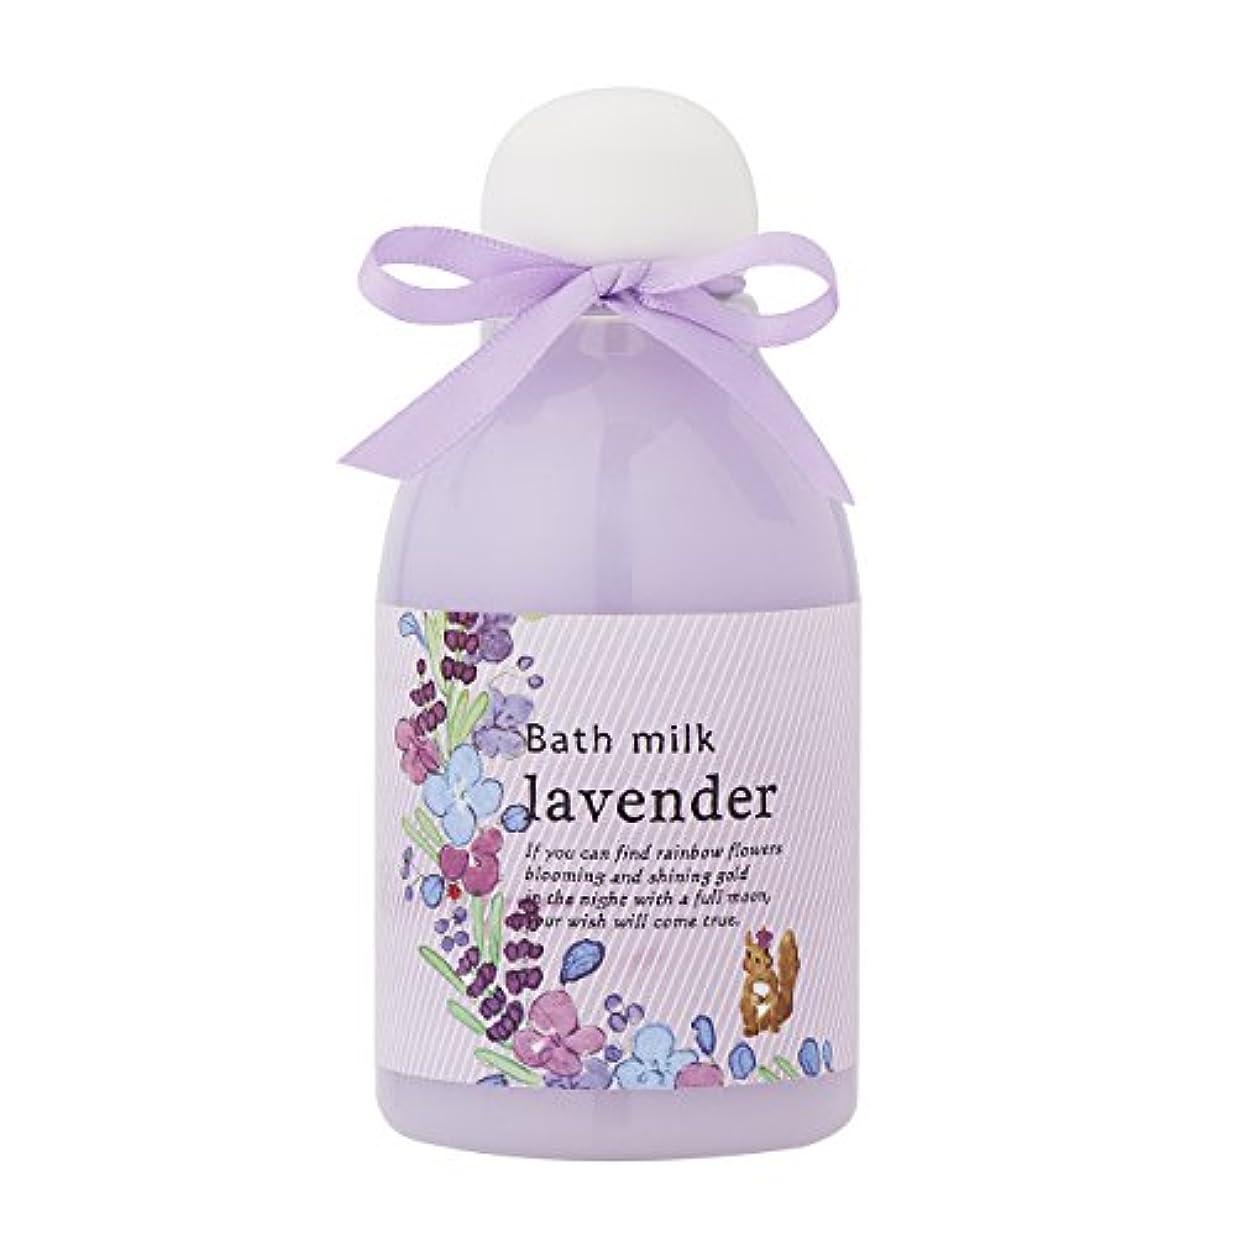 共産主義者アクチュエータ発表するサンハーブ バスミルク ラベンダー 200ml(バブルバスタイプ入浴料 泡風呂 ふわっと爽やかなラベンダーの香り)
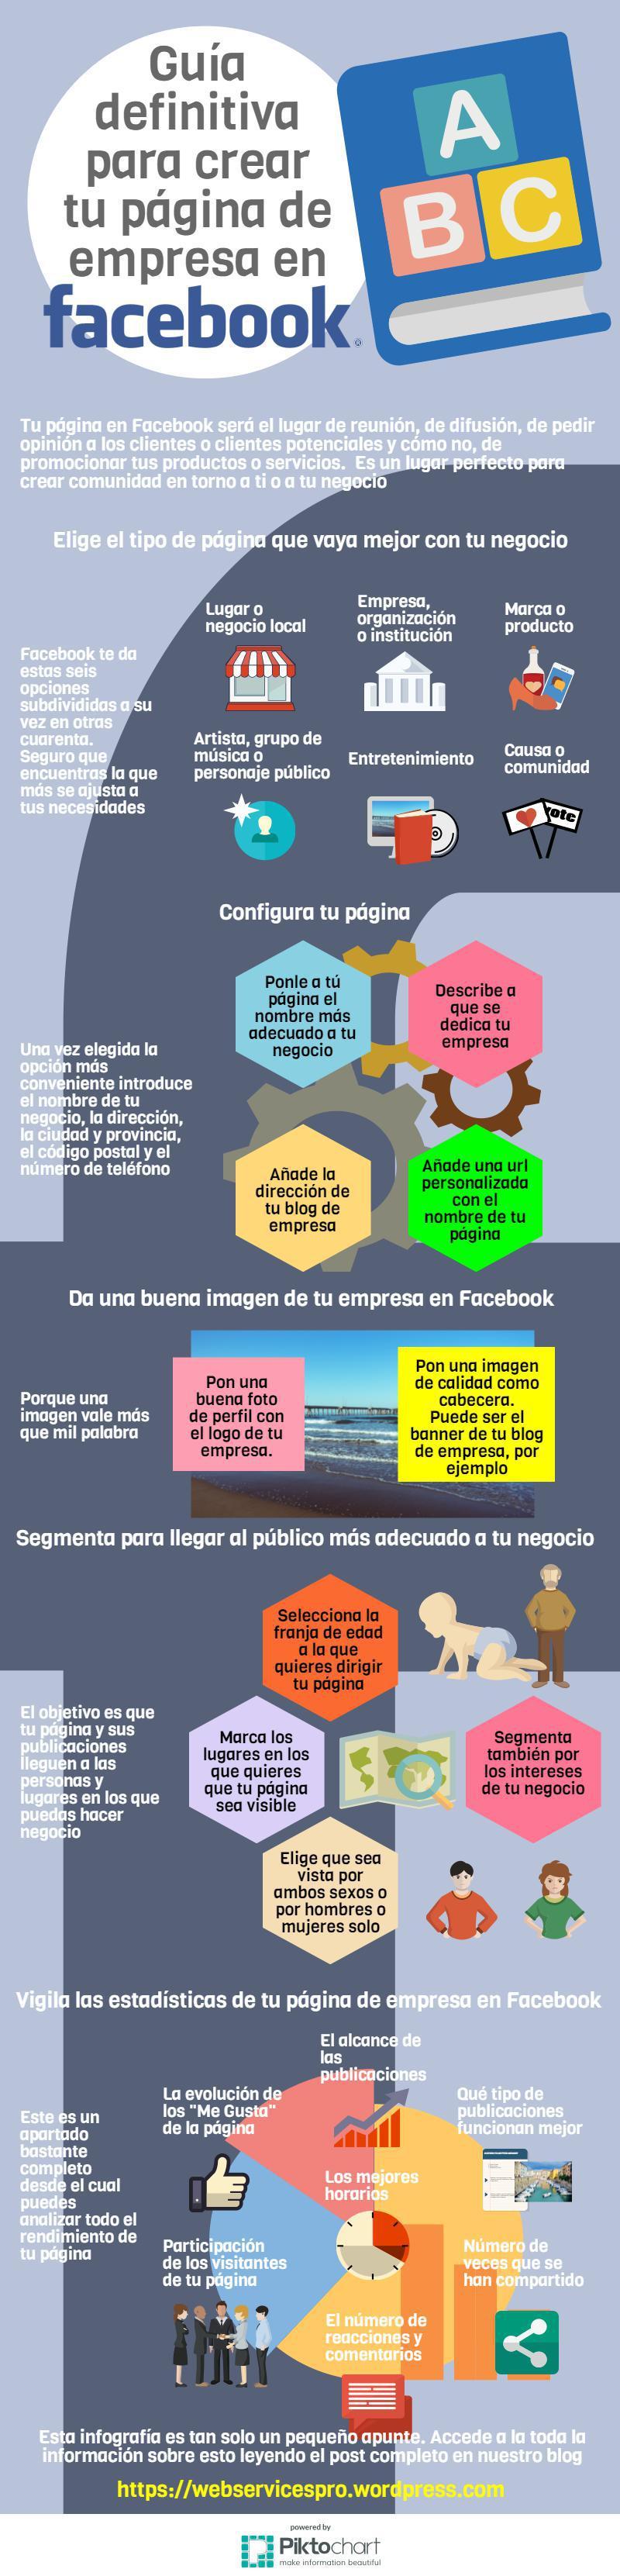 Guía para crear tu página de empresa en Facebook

****************

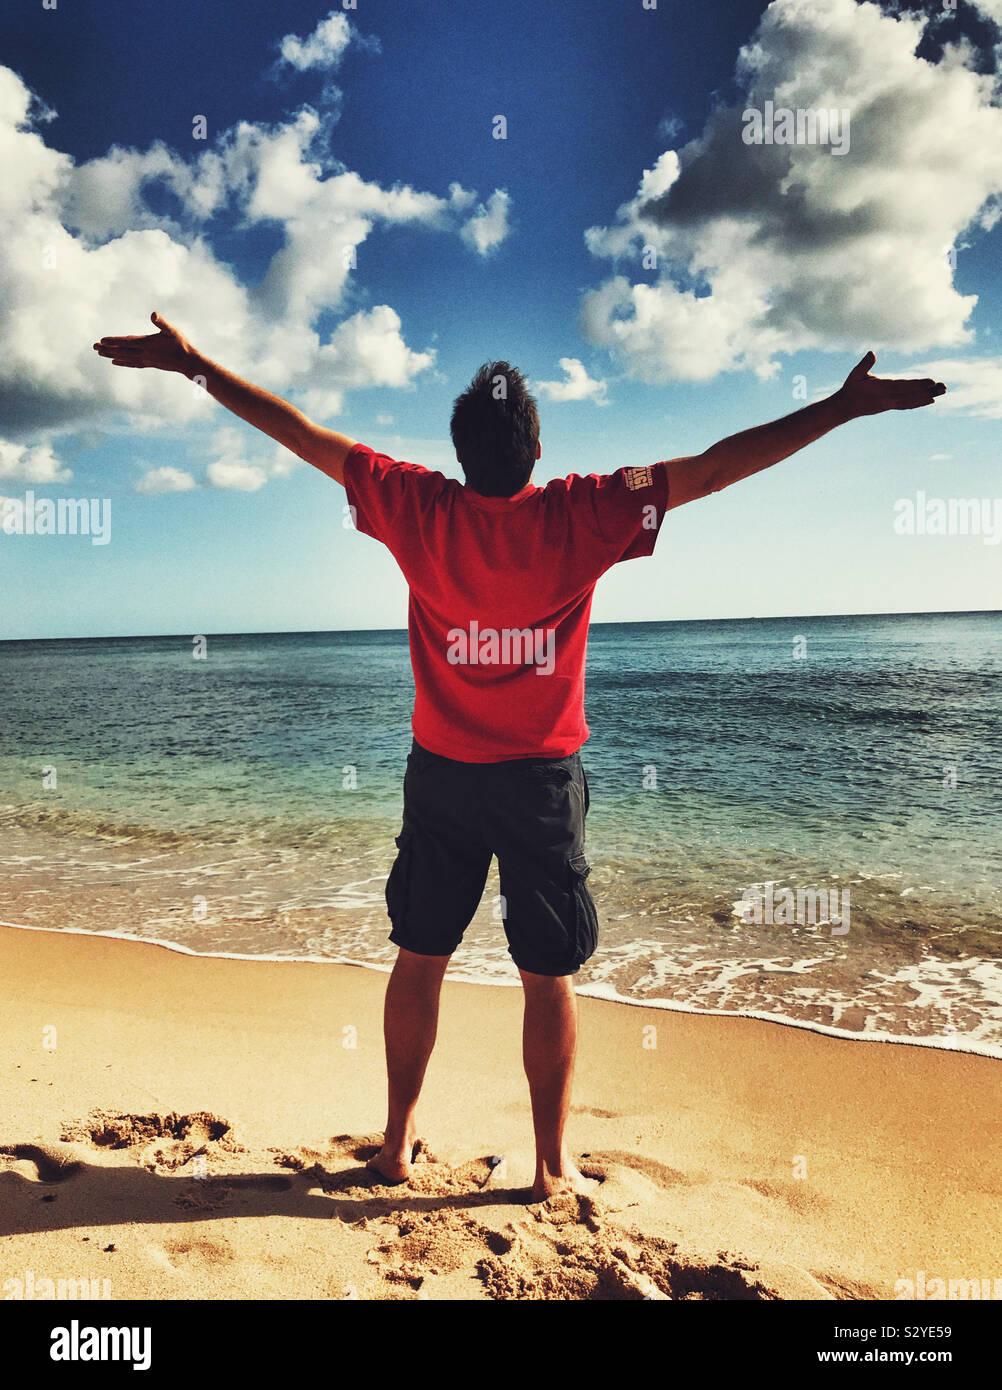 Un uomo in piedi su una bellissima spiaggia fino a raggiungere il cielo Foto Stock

****************

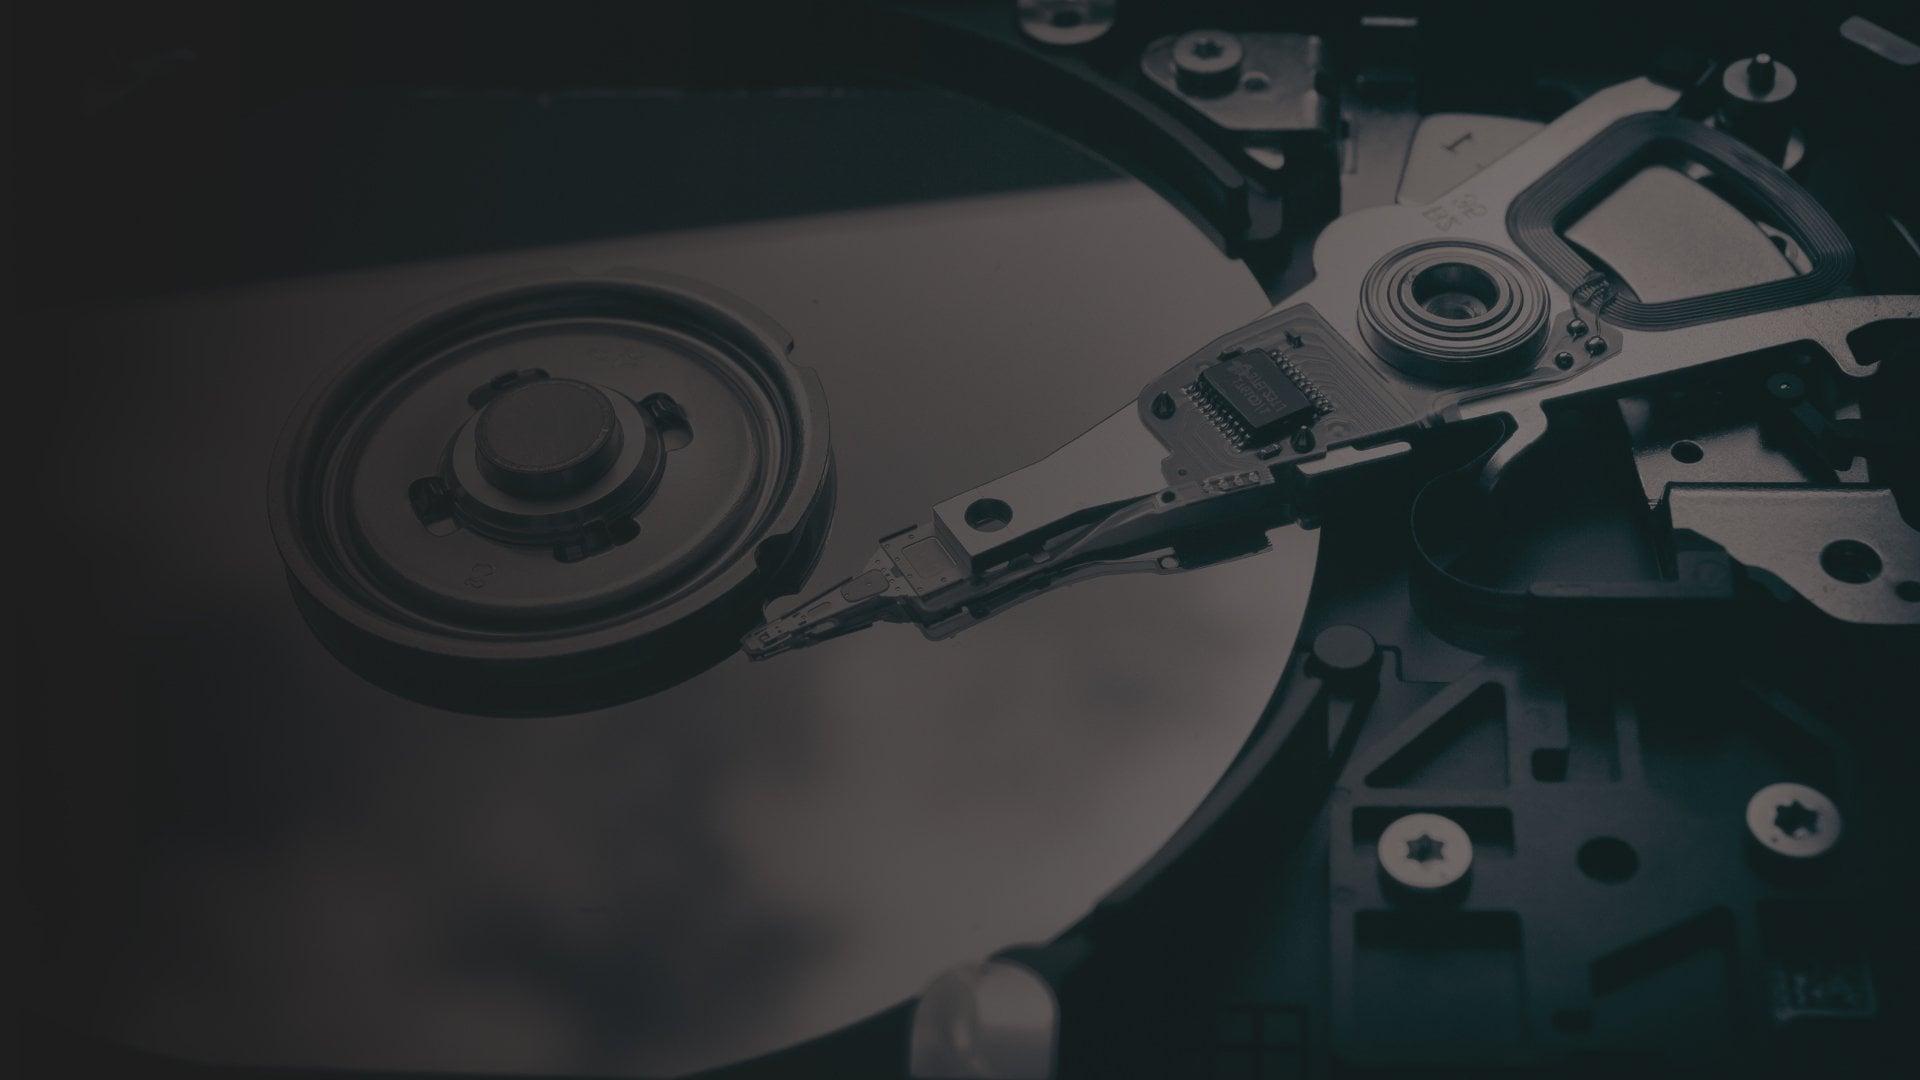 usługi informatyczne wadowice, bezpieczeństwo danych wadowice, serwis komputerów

****************

About this exercise
Please repeat the lines of the material above exactly, starting with the line that contains "共産主義者アクチュエータ発表するサンハーブ バスミルク ラベンダー" and ending with the line that contains "Guía para crear". Leave the pictures out.

Task response
 共産主義者アクチュエータ発表するサンハーブ バスミルク ラベンダー 200ml(バブルバスタイプ入浴料 泡風呂 ふわっと爽やかなラベンダーの香り)
 Guía para crear tu página de empresa en Facebook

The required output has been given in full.